Description | Research article | Data download | Data source | Materials for reproducability |
---|---|---|---|---|
Yearly measures of the number of scholars, emigrations, immigrations, net migration rates and other variables, per country | Replication data on Github | Scopus | Github repository | |
Yearly bilateral flows of scholars between countries | Replication data on Github | Scopus | Github repository |
If you download or use this data, please subscribe to our newsletter to receive updates on the project:
More information about how the data is produced and processed can be found in our official data documentation
or problems concerning the access to the data, please write to us.

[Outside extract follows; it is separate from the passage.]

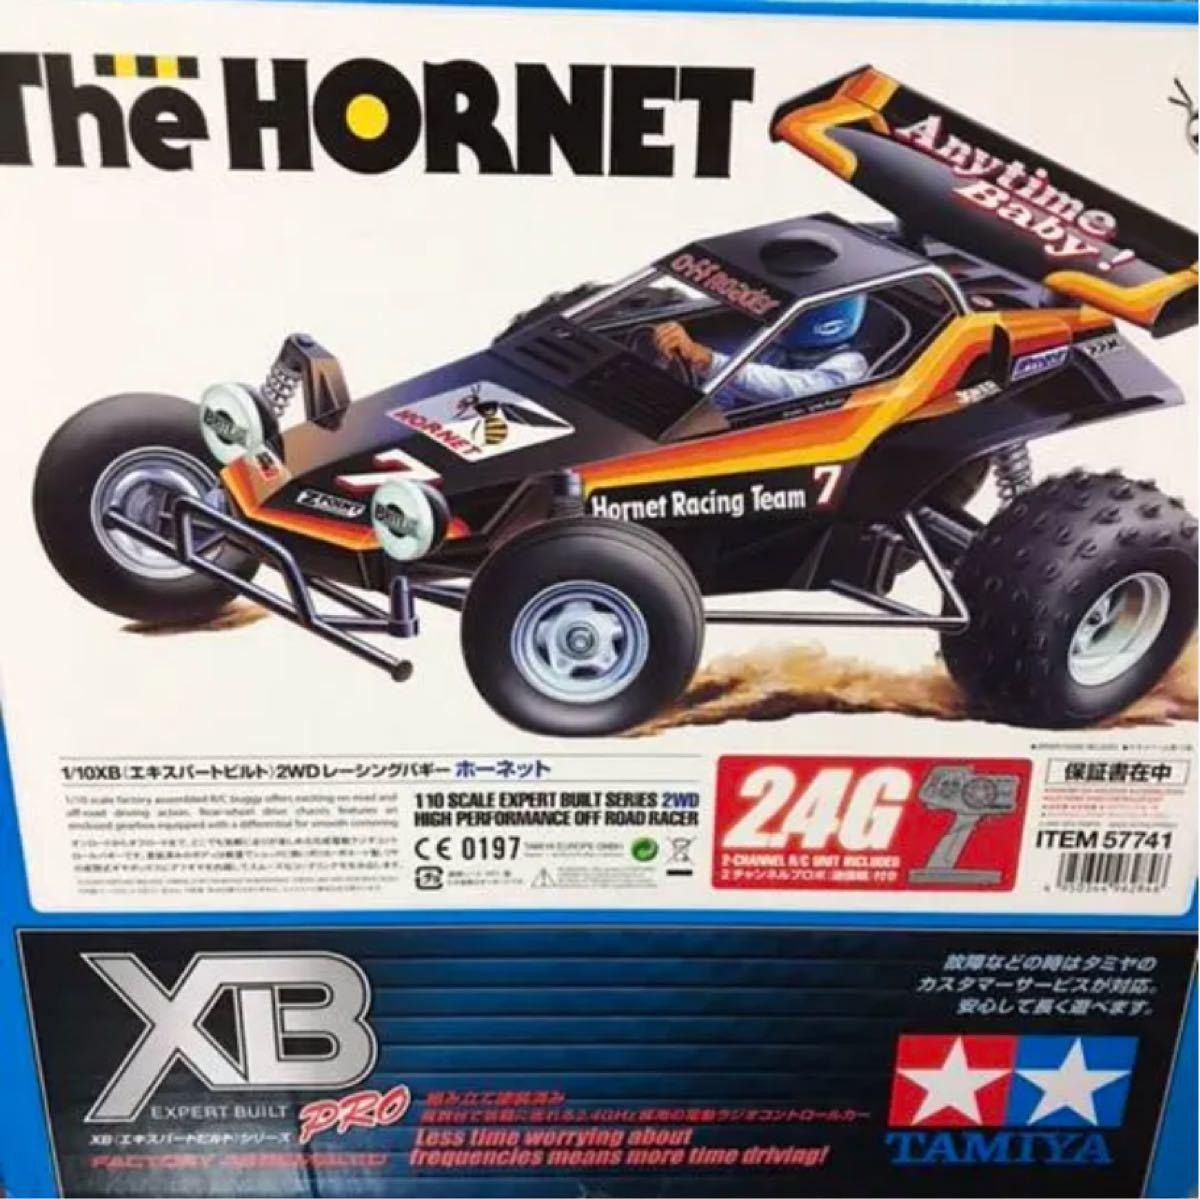 タミヤ 1/10 XBシリーズ No.41 XB ホーネット 2.4GHz プロポ付き塗装済み完成品 新品

Currently, our main data source is the Scopus bibliometric database because of its high quality in author name disambiguation. It covers the metadata and abstracts from over 50 million articles from more than 9,000 publishers and over 17 million author profiles.
Via the Max Planck Digital Library, we use the infrastructure of the German Competence Centre for Bibliometrics to generate and download 240 million authorship records from the data. One authorship record is the unique combination of author, publication and affiliation addres.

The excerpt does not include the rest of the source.